Unnamed: 0,Accuracy,Precision,Recall,F1-score,AUC,MCC
Logistic Regression,0.9165,0.905571,0.979427,0.941052,0.956189,0.805947
Decision Tree,0.9295,0.922438,0.978692,0.949733,0.973746,0.836181
Random Forest,0.93575,0.919075,0.99302,0.954618,0.986844,0.852659
SVM,0.92475,0.908263,0.989346,0.947072,0.914177,0.826753
KNN,0.92275,0.928902,0.959956,0.944173,0.962572,0.820095
Naive Bayes,0.48425,1.0,0.242101,0.389825,0.631283,0.304317
XGBoost,0.93975,0.941302,0.972079,0.956443,0.987867,0.860005


### Model Comparison

XGBoost outperforms traditional models such as Naive Bayes and KNN across
all evaluation metrics.
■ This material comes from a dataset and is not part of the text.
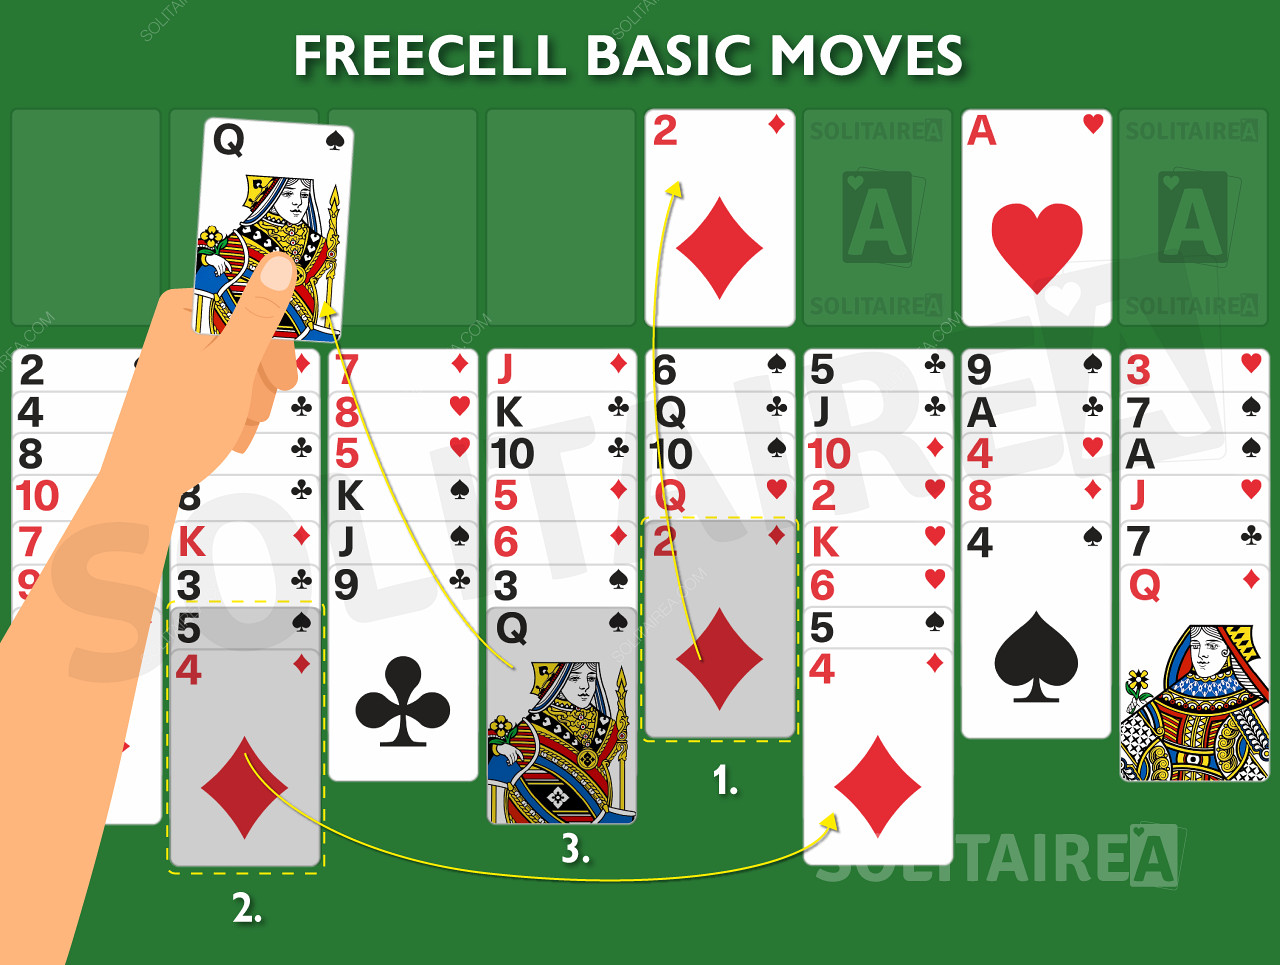 Imagen del juego que muestra las reglas básicas en acción
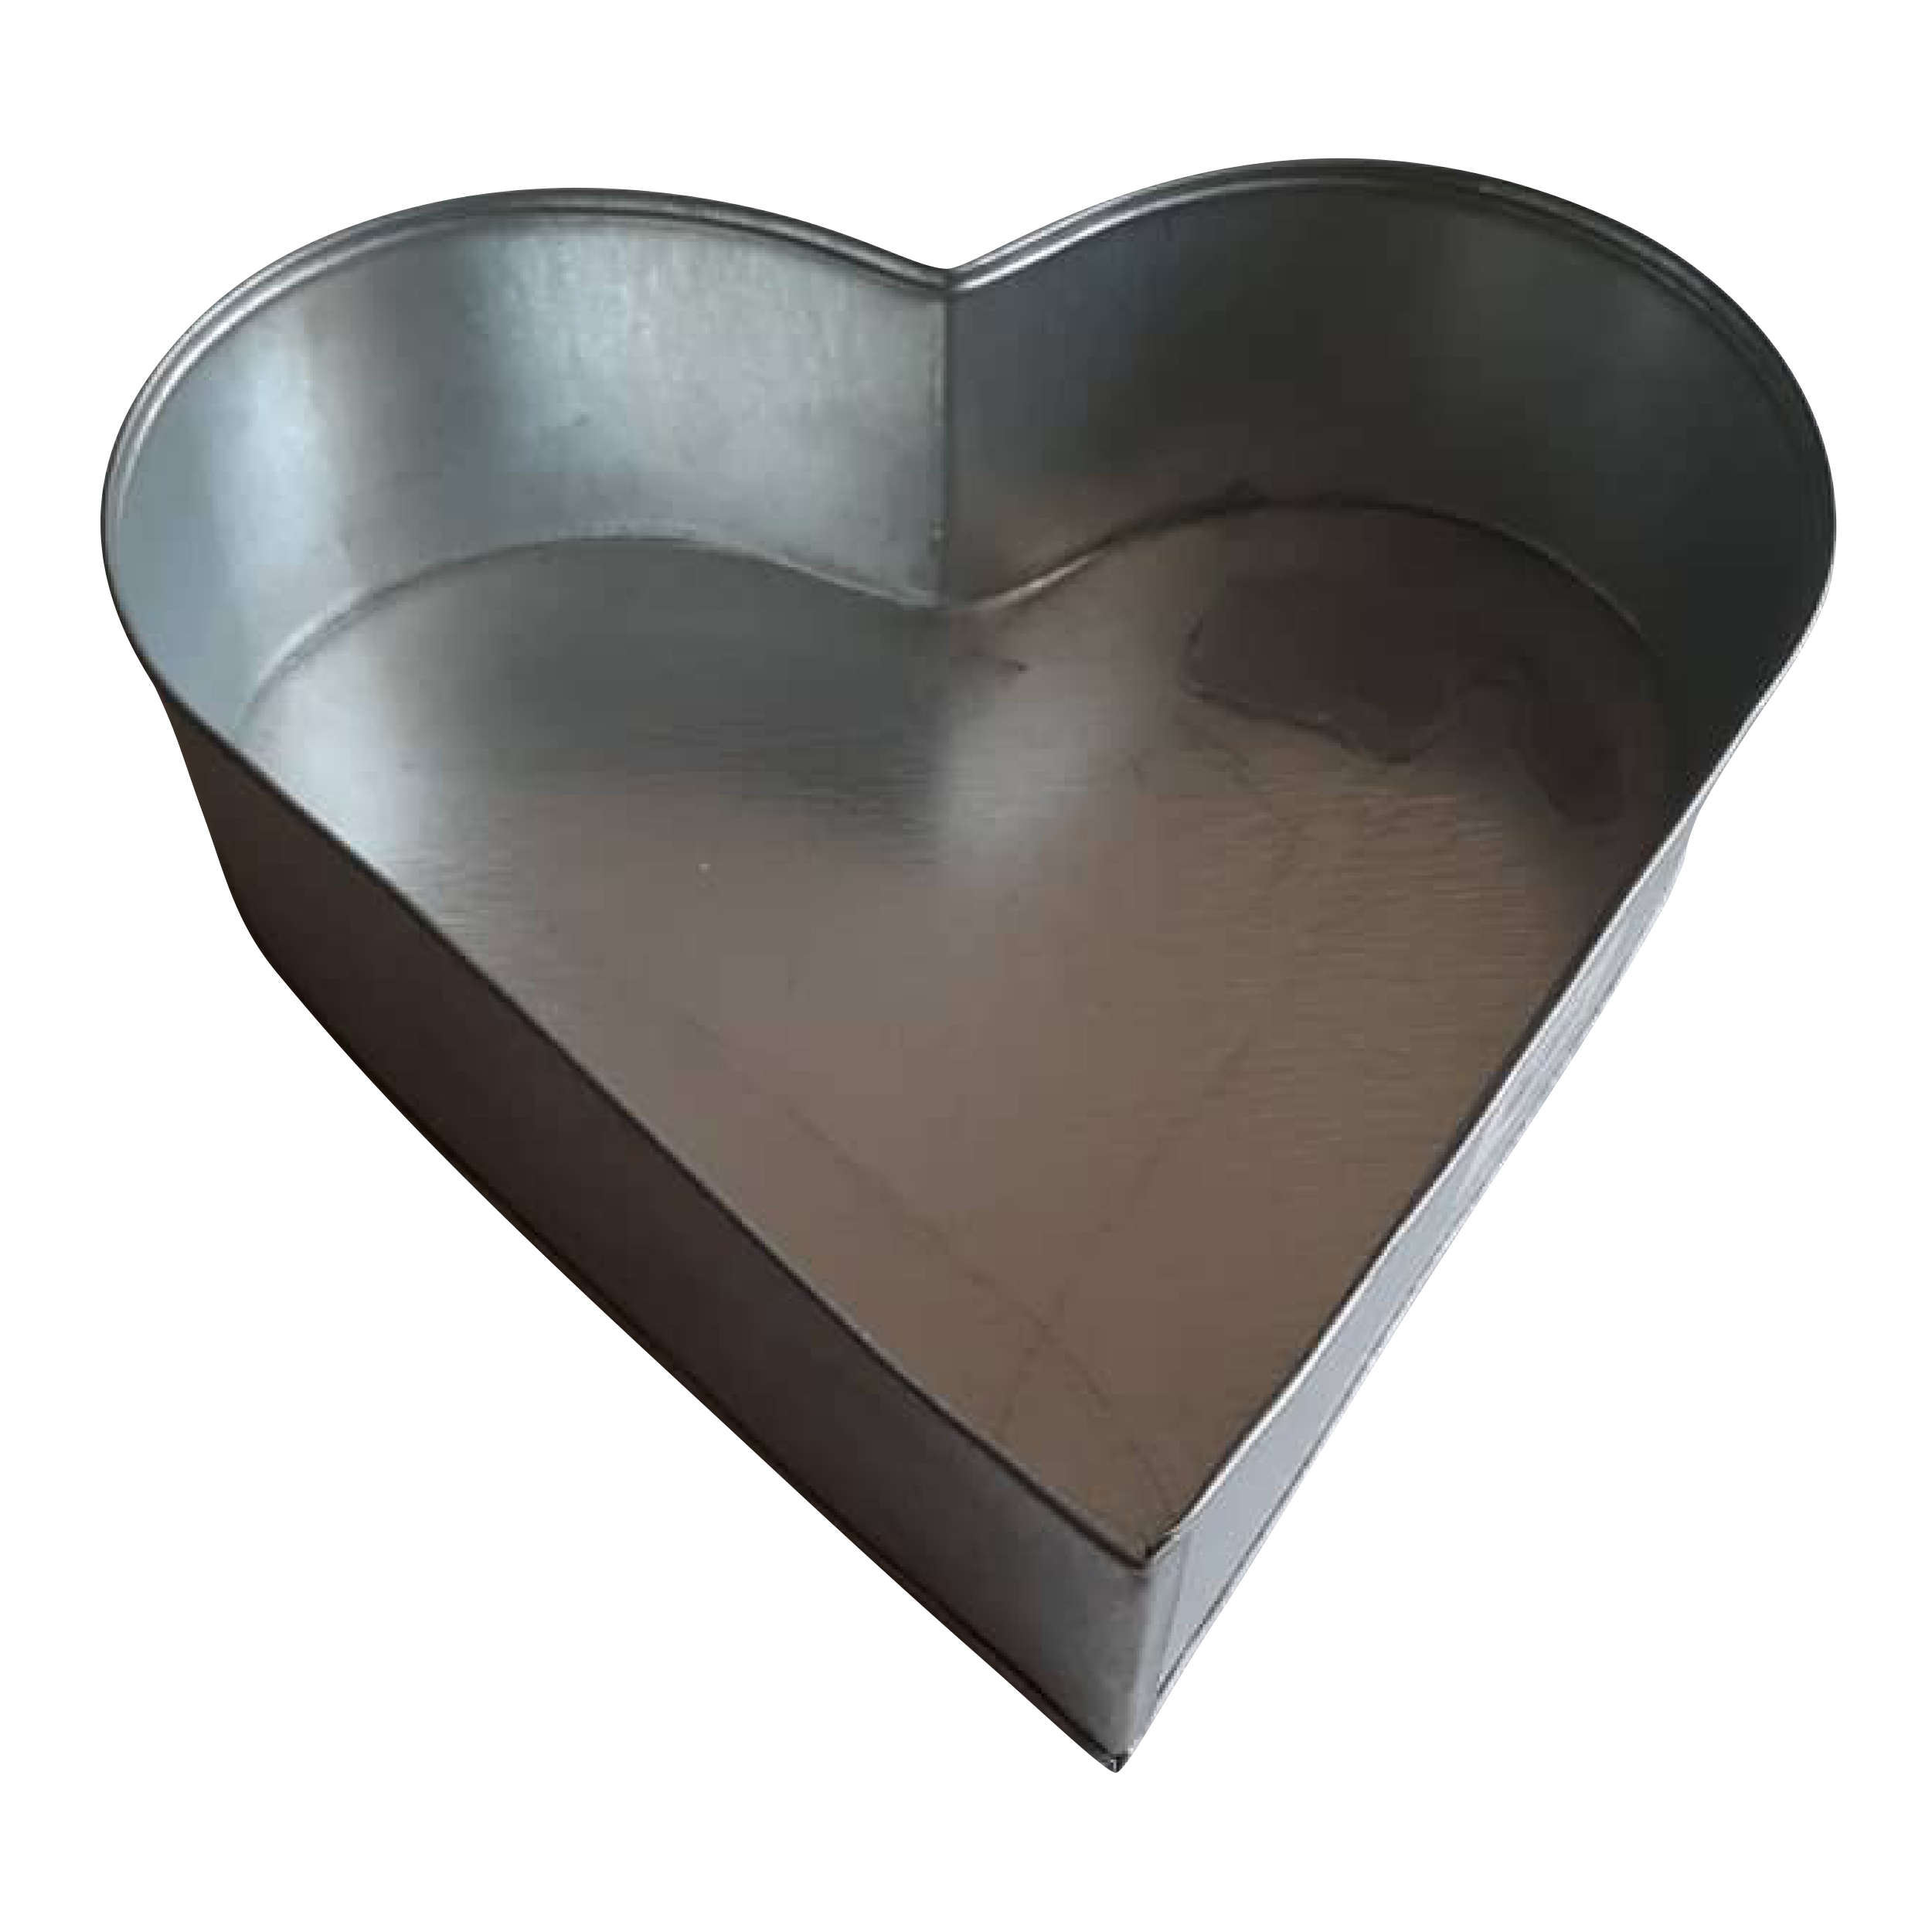 قالب کیک طرح قلب مدل pe142

Its ability to model non-linear relationships and
feature interactions makes it particularly effective for intrusion detection
tasks on the UNSW-NB15 dataset.

The results demonstrate that ensemble-based gradient boosting techniques
are well-suited for cybersecurity classification problems.